WATCH: I Will Nominate Scalia Replacement, Says Obama

President Obama

Amid demands from Republicans that his successor appoint a replacement for the late Supreme Court Justice Antonin Scalia, President Obama has said firmly that he will submit a nominee and that the Senate should vote on the nominee in a timely manner.

“I plan to fulfill my constitutional responsibilities to nominate a successor in due time and there will be plenty of time for me to do so and for the Senate to fulfill its responsibility to give that person a fair hearing and a timely vote,” Obama said Saturday night. “These are responsibilities that I take seriously, as should everyone. They’re bigger than any one party. They are about our democracy. They are about the institution to which Justice Scalia dedicated his professional life and making sure it continues to function as the beacon of justice that our founders envisioned.”

Most of the Republicans running for president say the Senate should confirm no nominee during the last year of the Obama administration, as does Senate Majority Leader Mitch McConnell.

Obama also called Scalia “one of the towering legal figures of our time.” Obama noted the justice’s wit and erudition, his love of both hunting and opera, and his friendship with Justice Ruth Bader Ginsburg despite their widely differing views. Watch below.

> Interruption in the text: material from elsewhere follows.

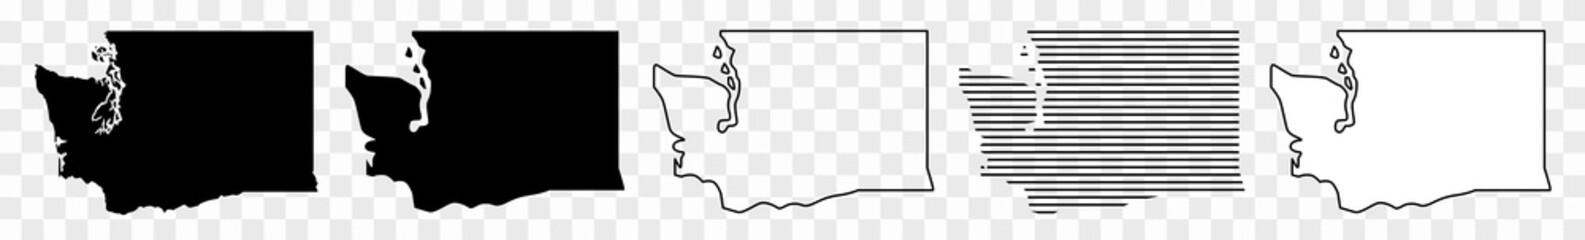 Washington Map Black | State Border | United States | US America | Transparent Isolated | Variations Fototapete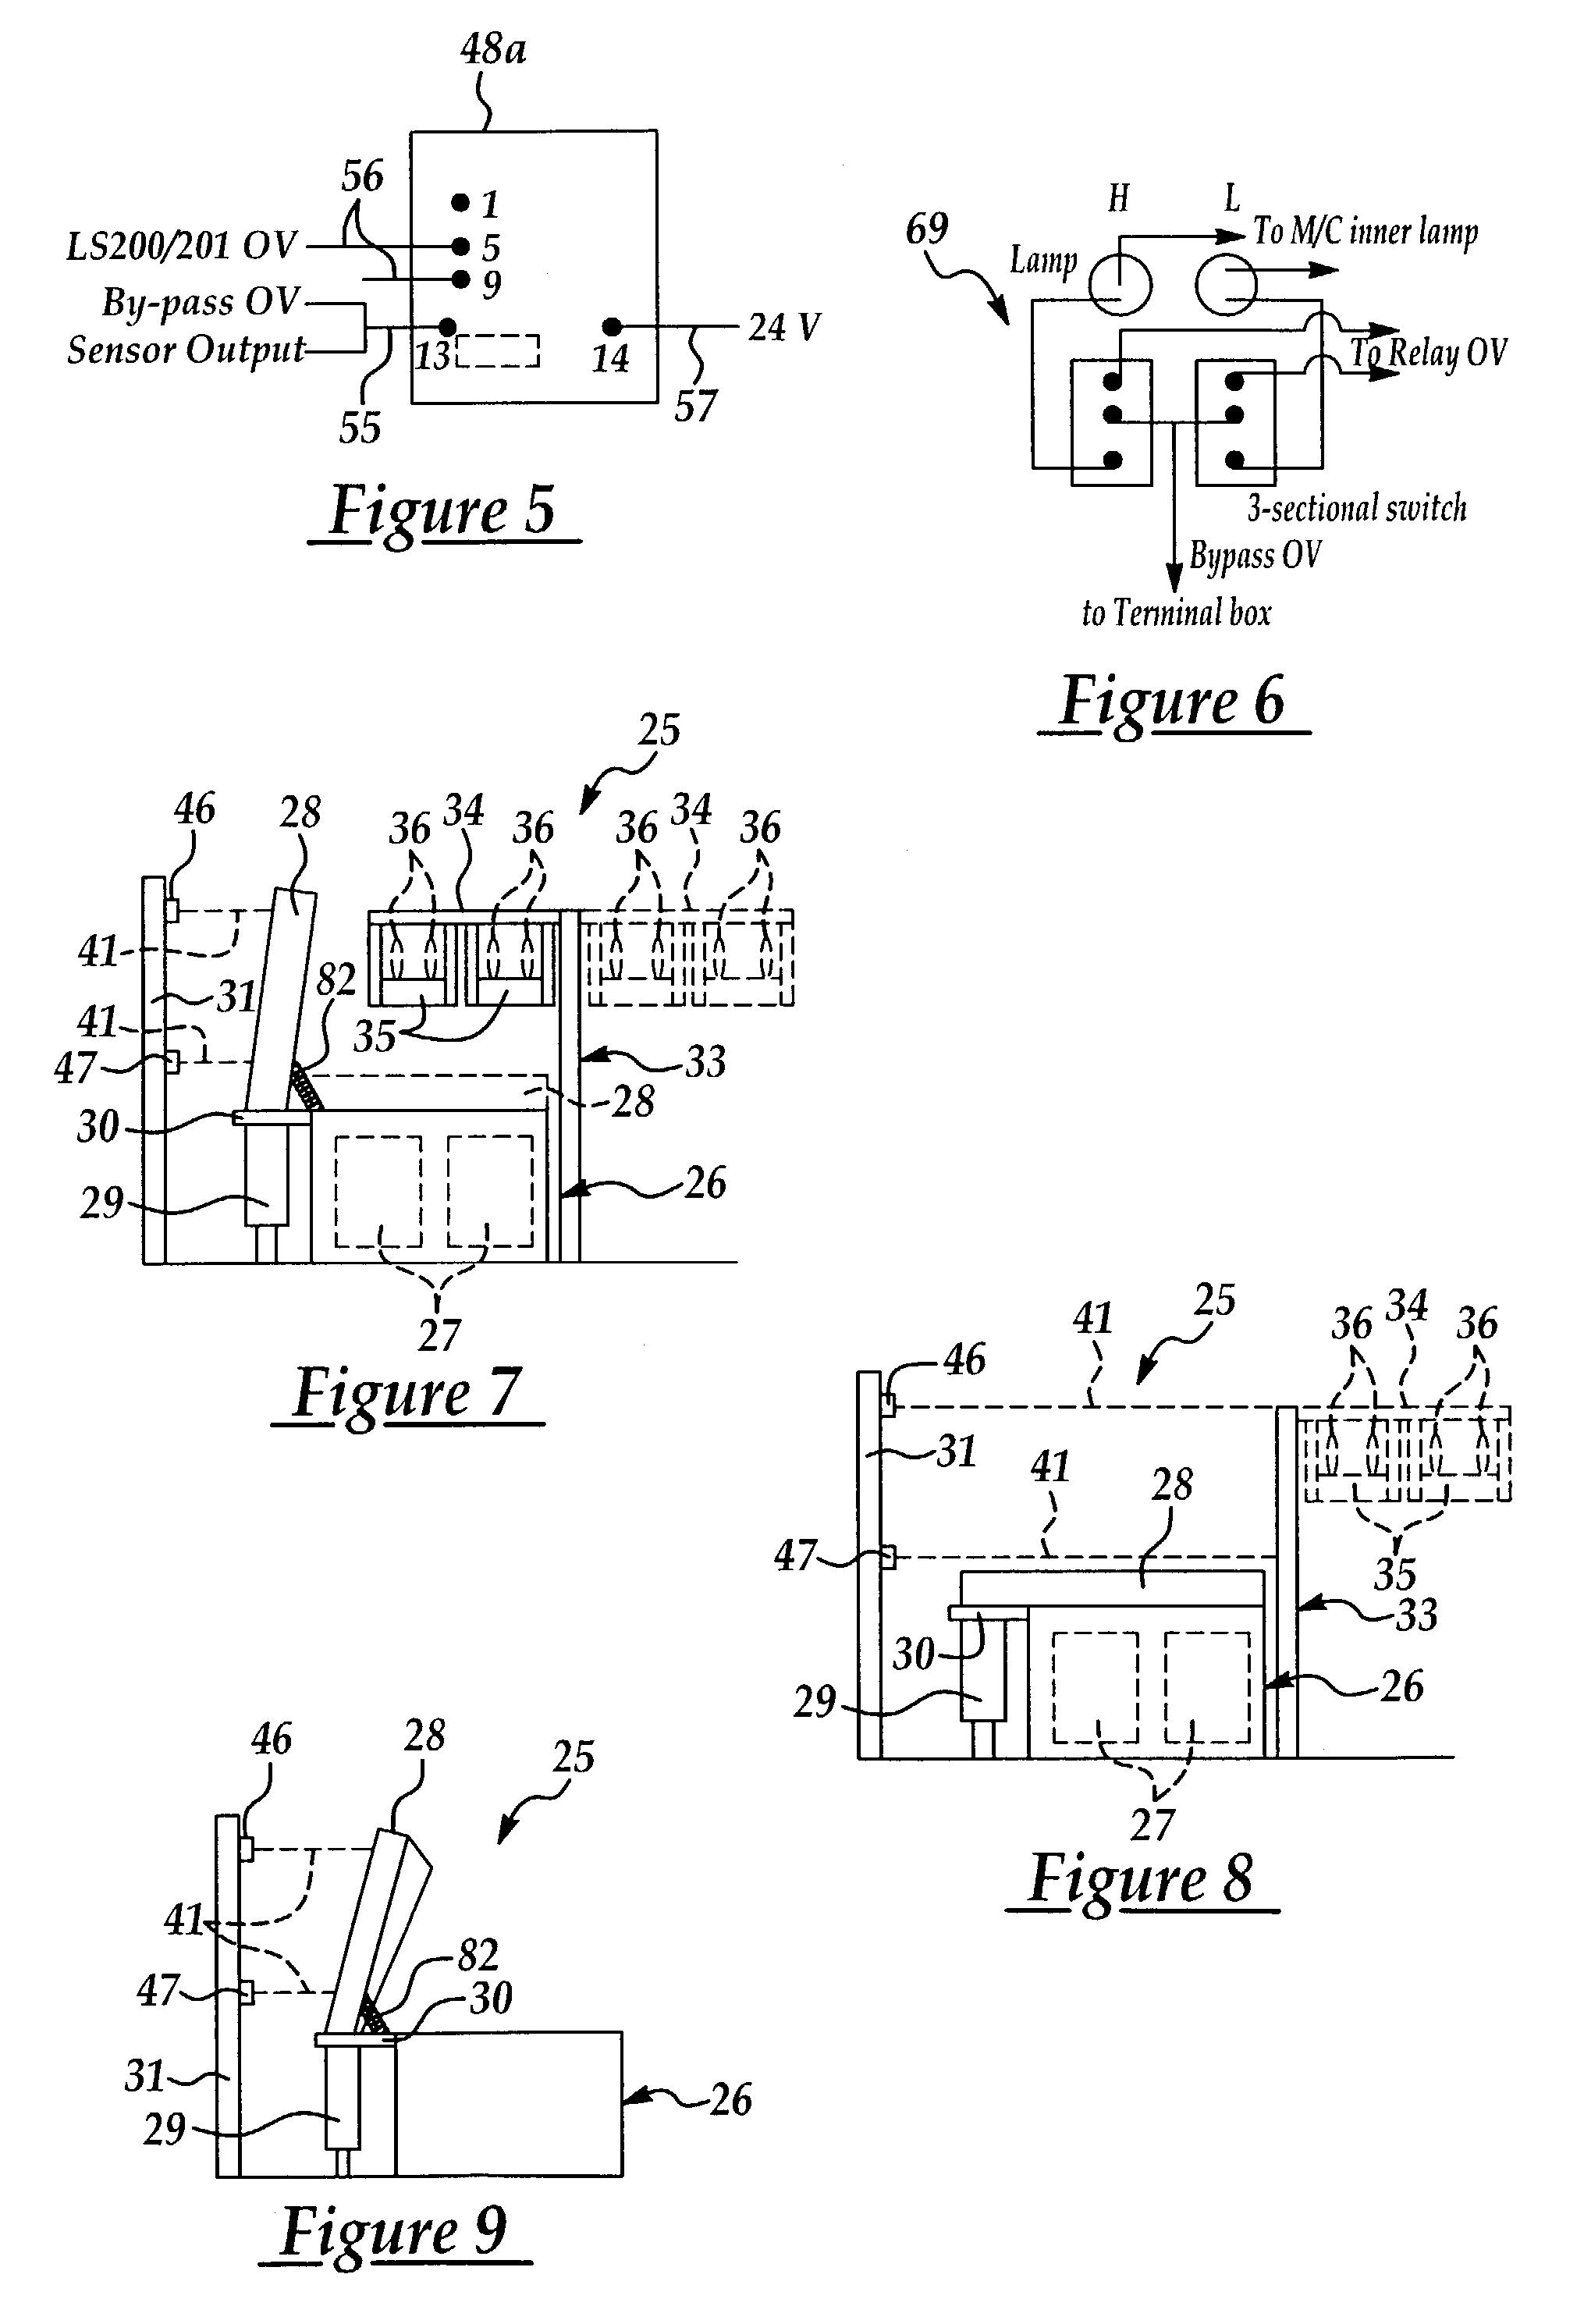 Diagram Album Omron Plc Wiring Diagram - Millions Diagram ... on potter brumfield relay schematic, allen bradley relay schematic, idec relay schematic,

Former Secretary of State Hillary Clinton, who is seeking the Democratic presidential nomination, likewise honored Scalia’s career while denouncing the Republican call to delay replacing him:

 

 

Sen. Patrick Leahy of Vermont, the ranking Democrat on the Senate Judiciary Committee, also said there should be no delay. “The American people deserve to have a fully functioning Supreme Court,” he said, according to The Hill. “The Supreme Court of the United States is too important to our democracy for it to be understaffed for partisan reasons. It is only February. The president and the Senate should get to work without delay to nominate, consider and confirm the next justice to serve on the Supreme Court.”